- [THE PROBLEM] Isolate every line in the records below with "table" in it.
#### THE DATA ####
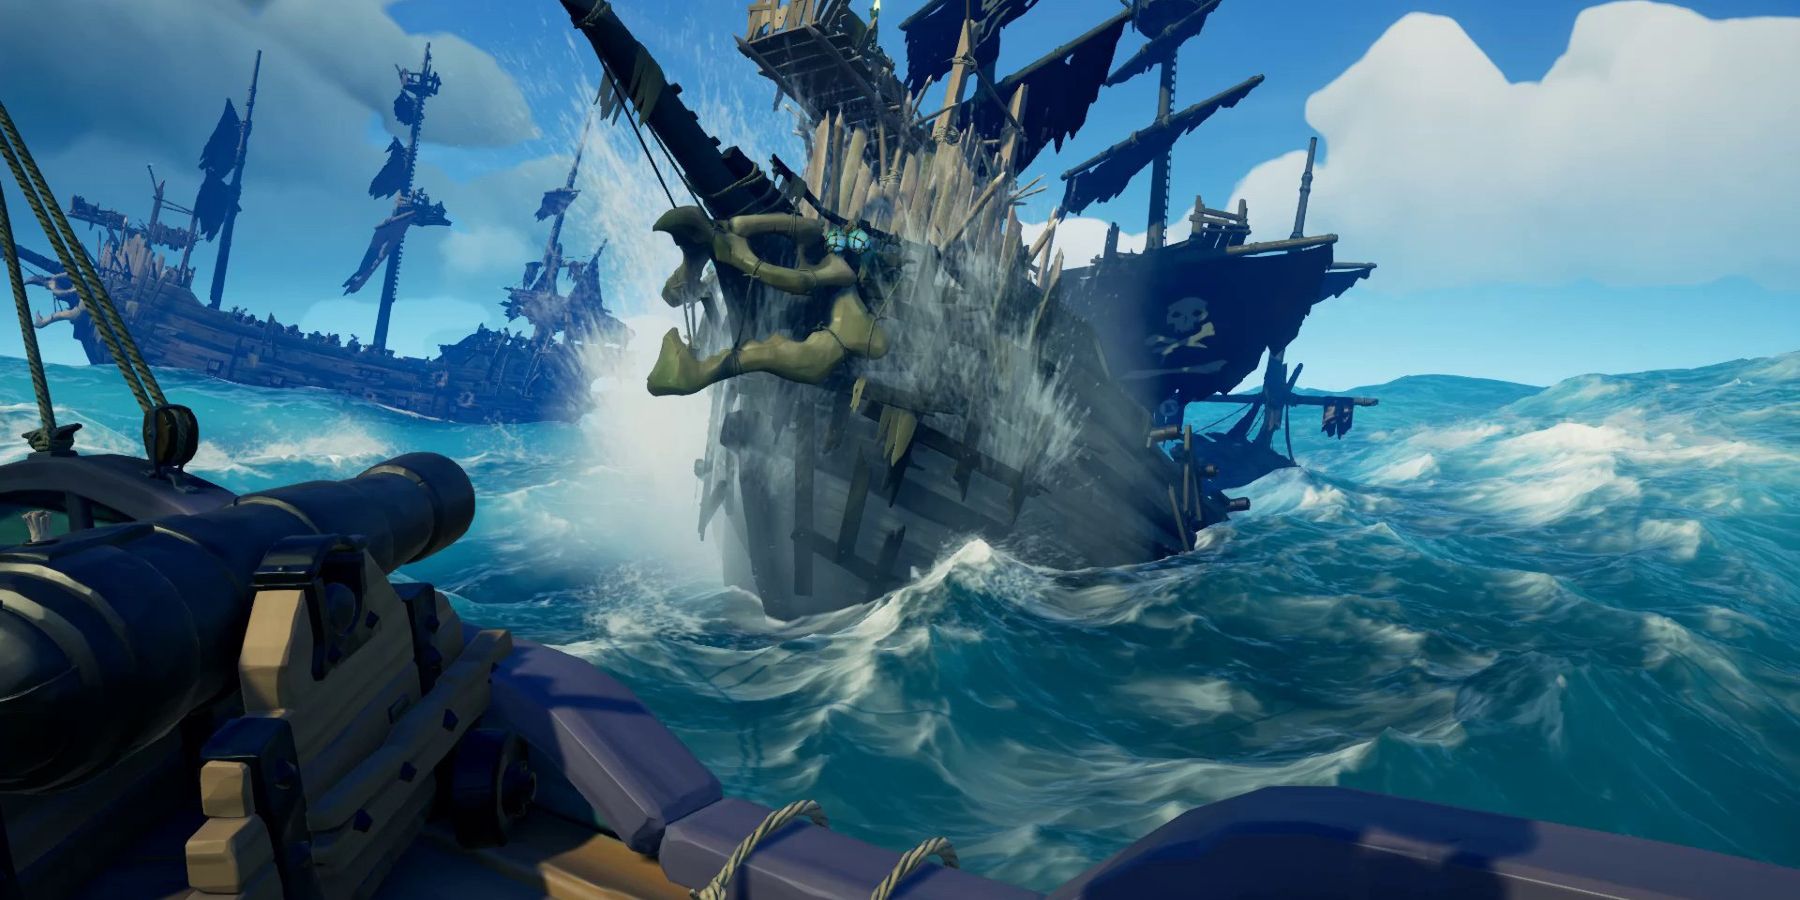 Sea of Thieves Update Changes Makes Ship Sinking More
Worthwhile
####
#### THE DATA ####
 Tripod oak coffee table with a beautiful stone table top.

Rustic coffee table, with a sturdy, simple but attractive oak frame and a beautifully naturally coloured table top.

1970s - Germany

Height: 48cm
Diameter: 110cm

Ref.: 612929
####
- [SOLUTION BELOW]
 Tripod oak coffee table with a beautiful stone table top.
Rustic coffee table, with a sturdy, simple but attractive oak frame and a beautifully naturally coloured table top.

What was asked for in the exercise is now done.